A família e a comunidade são espaços de solidariedade, de entreajuda e de disponibilidade para o próximo. A preocupação e a ajuda aos mais velhos, aos doentes e aos que sofrem constituem princípios fundadores da sociedade. As propostas sobre a eutanásia contrariam o princípio da solidariedade com os mais frágeis e constituem um ato de egoísmo, de indiferença e de desistência.
O debate que ocorreu sobre a eutanásia não suscitou a adesão das pessoas, não promoveu o esclarecimento sobre conceitos que se confundem com a eutanásia, não informou sobre práticas legais que podem responder a algumas das preocupações de quem defende a eutanásia, nem permitiu formar uma vontade clara da sociedade a favor desta questão. Ainda assim, o debate permitiu evidenciar a insuficiência de cuidados paliativos assegurados pelo Estado e que são parte da motivação de muitos para defenderem a eutanásia.
A discussão sobre a eutanásia permitiu reunir a opinião desfavorável da generalidade dos profissionais de saúde e em particular da comunidade médica, com a totalidade dos antigos bastonários da Ordem dos Médicos, bem como do atual Bastonário, a recusarem as propostas em causa.
Ficou ainda a saber-se que são escassos os países em que a eutanásia é permitida e da perigosa evolução das leis nesses países com exemplos de um alargamento sucessivo dos casos em que tal é permitido, ao ponto de se ter evoluído para situações de eutanásia a crianças, a dementes ou até a idosos simplesmente pelo facto de manifestarem vontade de colocarem fim à vida. Trata-se de uma rampa deslizante que rapidamente pode caminhar para a banalização.
A legalização da eutanásia não consta do programa eleitoral de nenhum partido e apenas o PAN referia a intenção de ‘abrir a discussão’. Nenhum partido assumiu a intenção de promover a legalização da eutanásia. Tratando-se de uma questão tão relevante, não é aceitável que agora pretendam efetuar tal alteração, ou que a viabilizem sem terem assumido eleitoralmente essa posição. Um programa eleitoral é um contrato de confiança com os eleitores e no caso da eutanásia, pela sua relevância, propor ou viabilizar sem que tal tivesse sido declarado coloca em causa a relação de confiança com os cidadãos.
Os deputados representam os eleitores, não se representam a si próprios. O sentido de voto de cada deputado deve ser balizado pelo respeito pelo programa eleitoral que sustentou a sua eleição e com a preocupação de corresponder à expectativa dos eleitores que representa. Assim se respeita o mandato obtido e se promove a confiança dos cidadãos nas instituições e na democracia.

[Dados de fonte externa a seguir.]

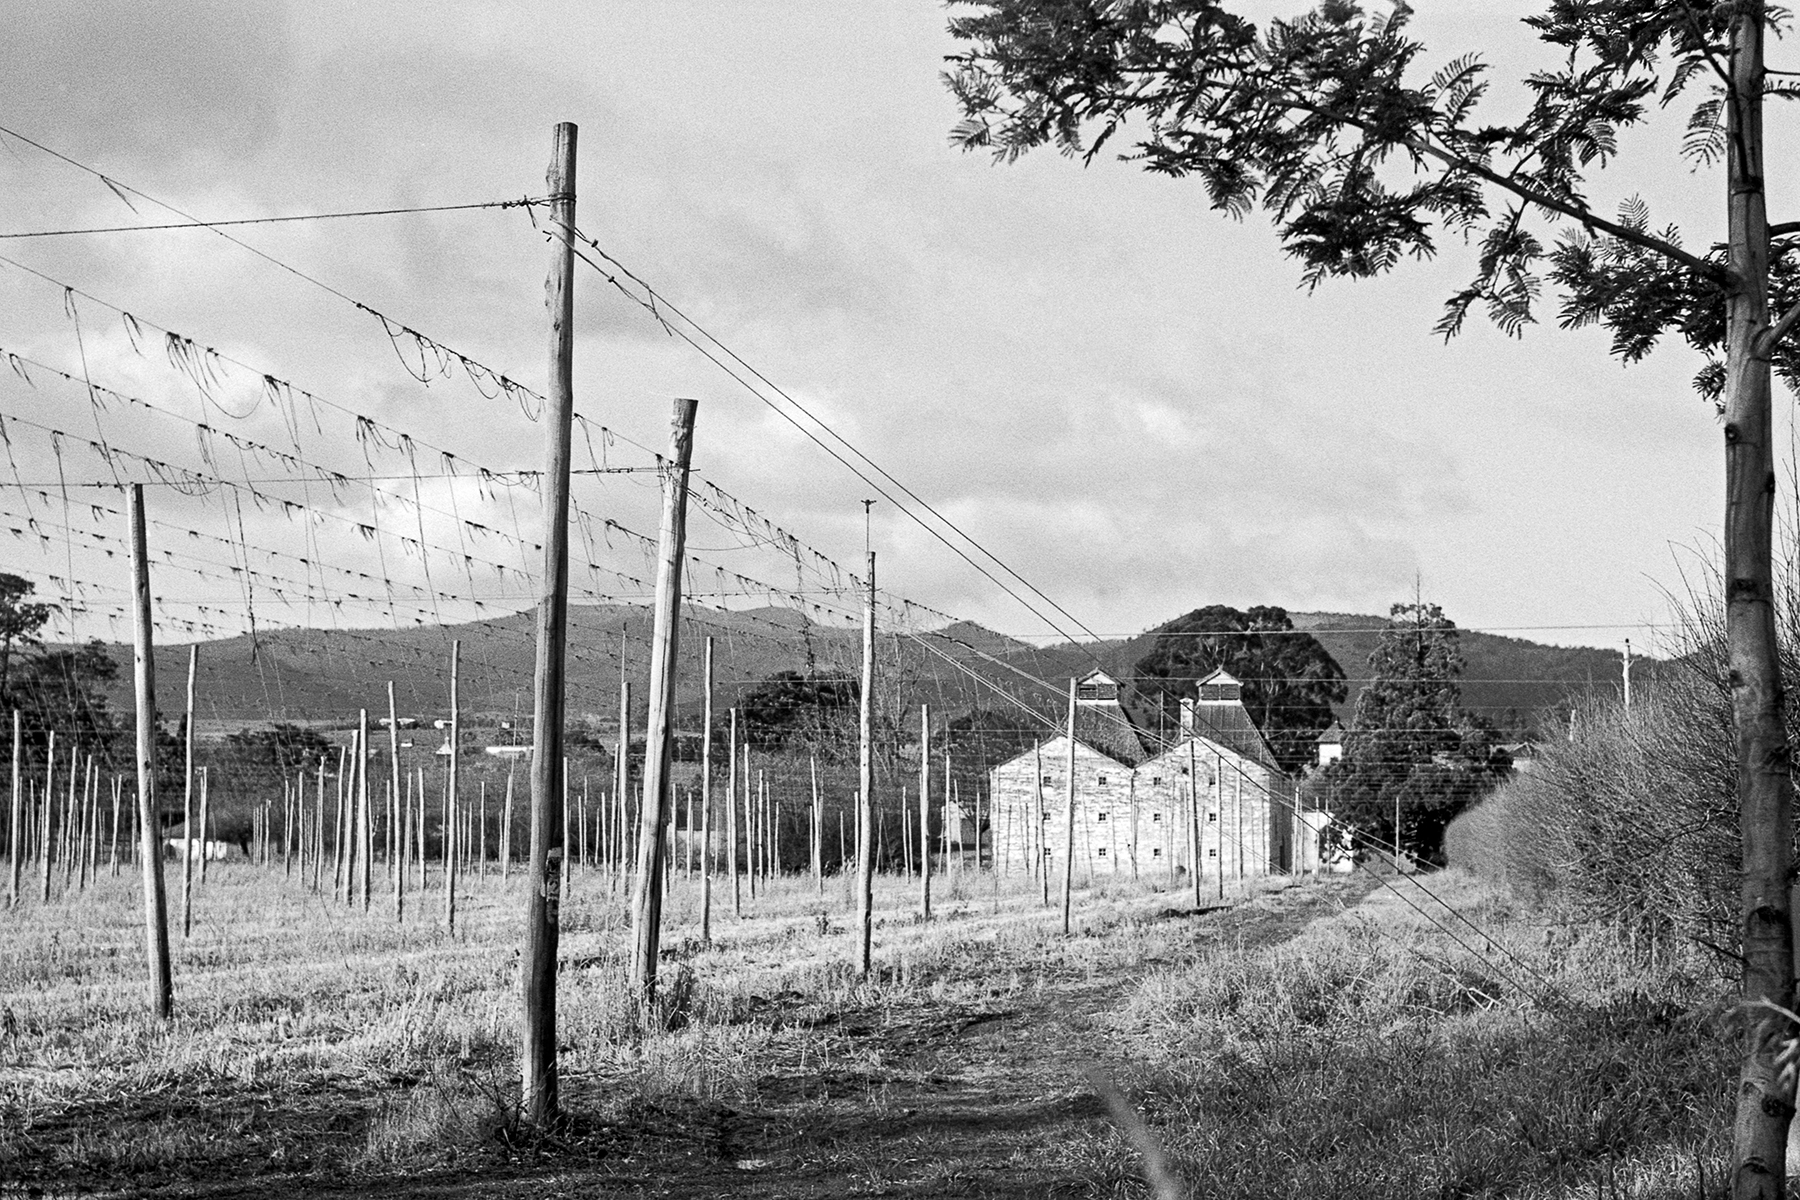 Hops Field Tasmania | KW Praktina FX | Carl Zeiss Jena 58mm f2 Biotar | Fujifilm Neopan Acros 100, developed in Ilford ID-11 1+3 | Brett Rogers

No próximo dia 29 de maio o Parlamento vai decidir sobre a eutanásia no contexto de uma agenda ideológica de desconstrução do atual modelo de sociedade, sem ponderação suficiente, sem certeza sobre as consequências desta ‘abertura de porta’, sem consideração pela opinião médica e, sobretudo, sem ter assumido antecipadamente essa intenção. Ninguém, em consciência, pode assegurar qual o sentimento maioritário da sociedade portuguesa em relação à eutanásia e por isso, na dúvida, é prudente não correr o risco de cometer um erro ou uma precipitação. A não ser que o objetivo seja mesmo viabilizar uma agenda ideológica.